It's a tough admission for any parent. And sometimes, when the circumstances are so raw and painful, it's impossible. We can all understand. We love our children, nurture them, watch them grow, celebrate their successes and console them in the tough times. We invest in them, not just our money but our hearts. And we go to bed every night praying that they'll be safe, healthy, and happy.
In the end, however, much happens in life, too often events parents can't predict or control.
The photo at the top is of a man named Bill Barnett. His beautiful 22-year-old daughter, Stacy, was found dead, shot through the head, this past July, in her apartment along with her boyfriend, Johnny Goosey. Both were University of Texas grads getting ready to continue their educations. Stacy had a degree in architecture, and Johnny was looking toward law school. The stars should have been aligning for them, guiding them toward a wonderful future. Instead, Johnny's body lay in a pool of blood, and when Bill Barnett's wife called to say that Stacy was dead, the Houston Chronicle reports that all Stacy's mom could do "was shriek."
In the Chronicle article, an exceptional one titled "Grieving families seek answers," the author tells the stories of Stacy and Johnny, raised in West University, an affluent section of Houston, where most children are catered to and given all they need to move on to success.

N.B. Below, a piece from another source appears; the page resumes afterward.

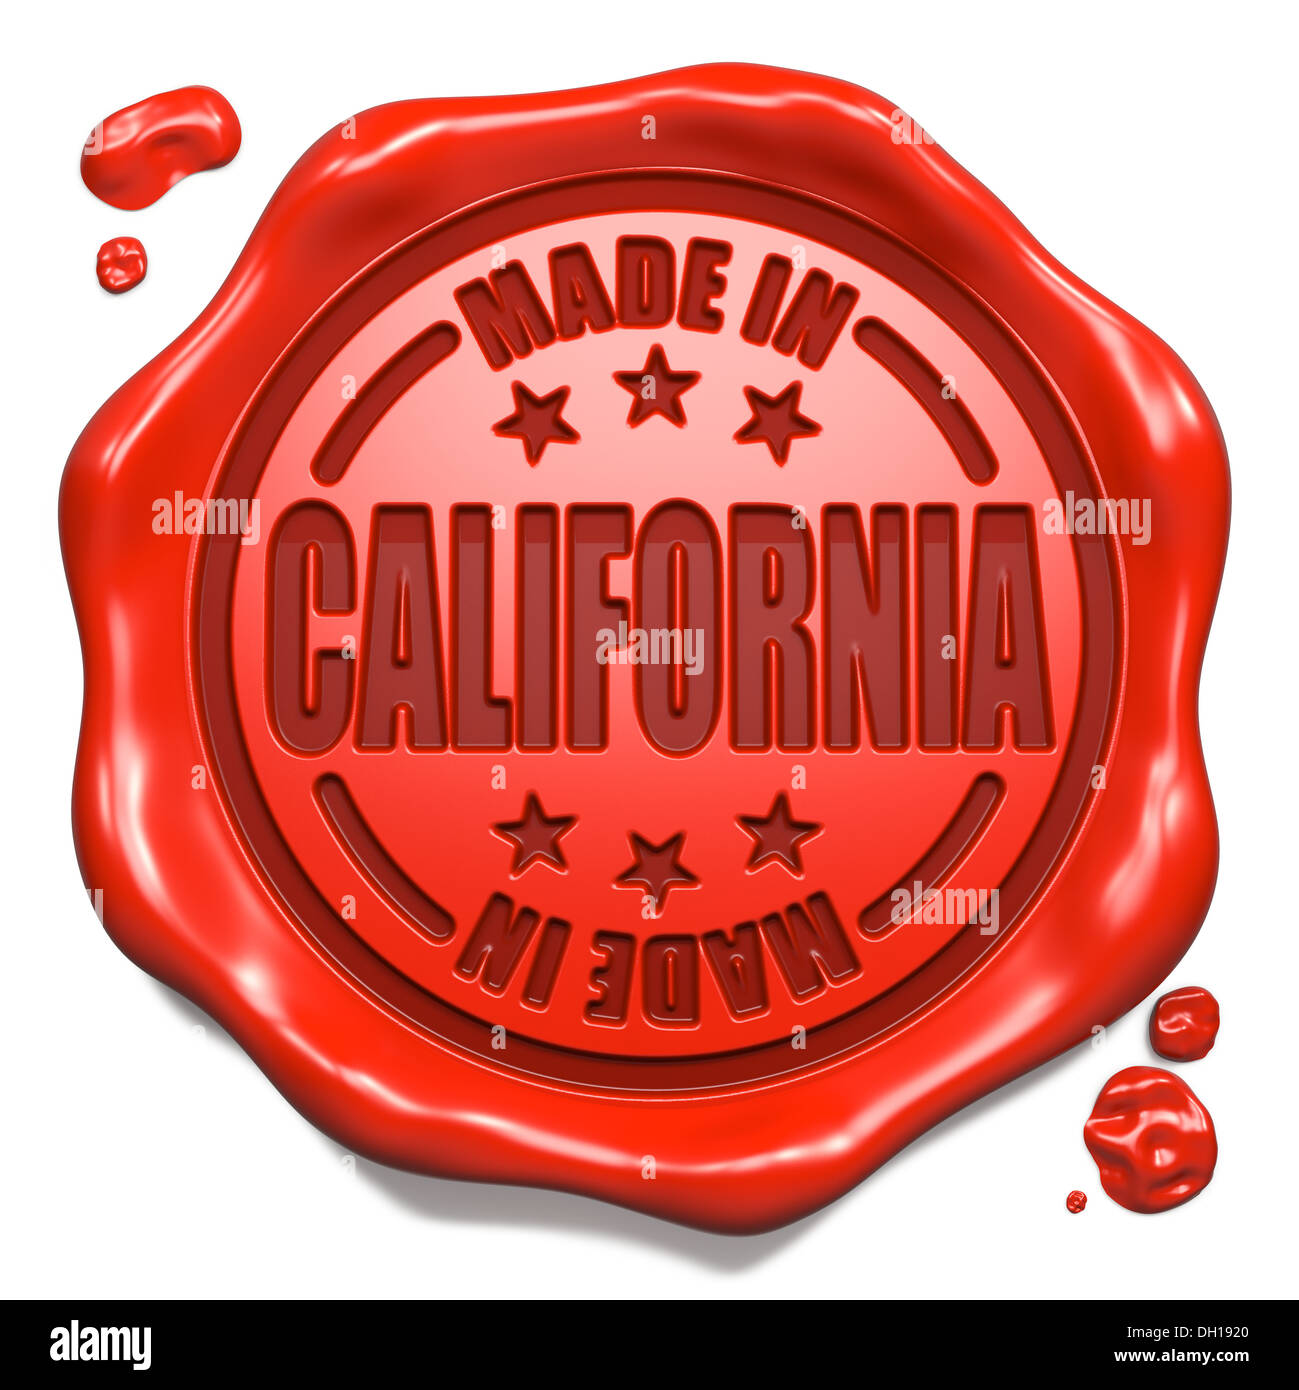 Machte in Kalifornien - Stempel auf Siegel aus rotem Wachs. Stockfoto

Both families were at least relatively well off, and Johnny's father is a respected eye surgeon.
So what happened? How did Johnny and Stacy end up dead?

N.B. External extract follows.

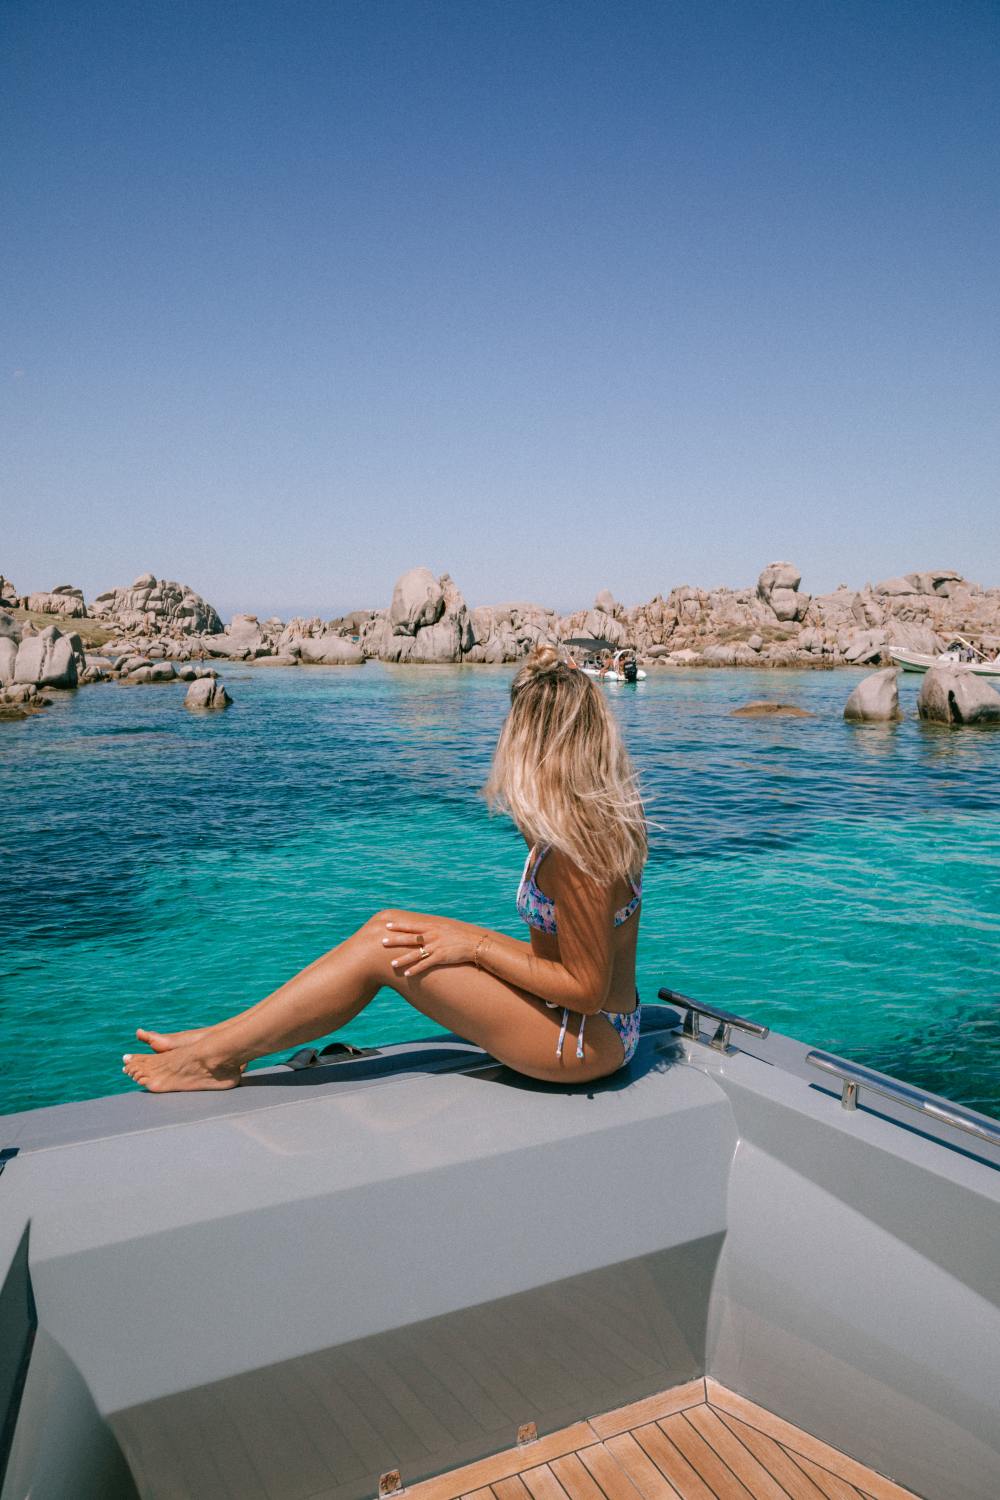 Tour de bateau en Corse du sud - Blondie Baby blog voyages

Police have in custody a young man named James Richard "Ricky" Thompson, 19, a high school drop out, who has told police that he was buying pot from Johnny Goosey.
Shortly before the killings, Johnny told friends that Thompson owed him $8,500 for unpaid pot bills. At first, Thompson didn't answer Johnny's phone calls. When he finally did, a meeting was arranged. Someone passed Thompson that fateful day on the stairs leading to Stacy's apartment and saw him carrying a green duffel bag. Police maintain Thompson also had with him a gun he'd borrowed from a friend. Hours later, Johnny's and Stacy's parents received the dreaded news.
According to the Chronicle article, Thompson has confessed to killing Johnny, but claims he did so to prevent being robbed.
This case has yet to go to trial, and I don't know what happened in that apartment on that sad day when Stacy and Johnny died. My sincere sympathies go out to their parents. Many of us who raise children understand this is a there-but-for-the-grace-of-God situation, that our children can make very bad decisions, and that we are tragically unaware and sadly too often unable to stop them.
In this case, the Barnetts and Gooseys, it seems, are having a difficult time compounded by their reluctance to accept that Johnny was involved in selling pot. I can certainly understand that. First their children are killed, then they're told that Johnny, loved by both families, had strayed, crossing a line into a criminal and very dangerous world.
Two years ago, I wrote a book called A Descent into Hell about a brilliant young man from Little Rock, Arkansas, Colton Pitonyak, who'd grown up in a privileged world of private schools and beautiful homes. Colton entered the University of Texas on a full business scholarship, and he was so bright and determined that his high school teachers predicted he'd one day be the next Donald Trump. Instead, once in Austin he turned into a drug-dealing, would-be gangster, and later was convicted of the gruesome murder of Jennifer Cave, a beautiful young girl from Corpus Christi. On the stand at the trial during sentencing, Colton's mother sobbed in a heartbreaking plea to the jury that her son was "a good man."
How horrible to have to confront what a child has become, what a child has done.
I know it's cliche, and we all know it doesn't always work, but the only way I know to help our children understand that drugs aren't the party fun they see on television is to tell them over and over again about the dangers. Because let's face it: our society routinely glamorizes and plays down the dangers of drugs, guns, and violence.
In the Chronicle article, psychiatrist Bruce Perry, who specializes in working with kids in crisis, is quoted as saying: "Whether parents want to believe it or not, most successful dealers are upper-middle-class kids who make a connection with someone in a different strata of life... Parents would rather not hear about some of the real stuff that happens to kids at that age."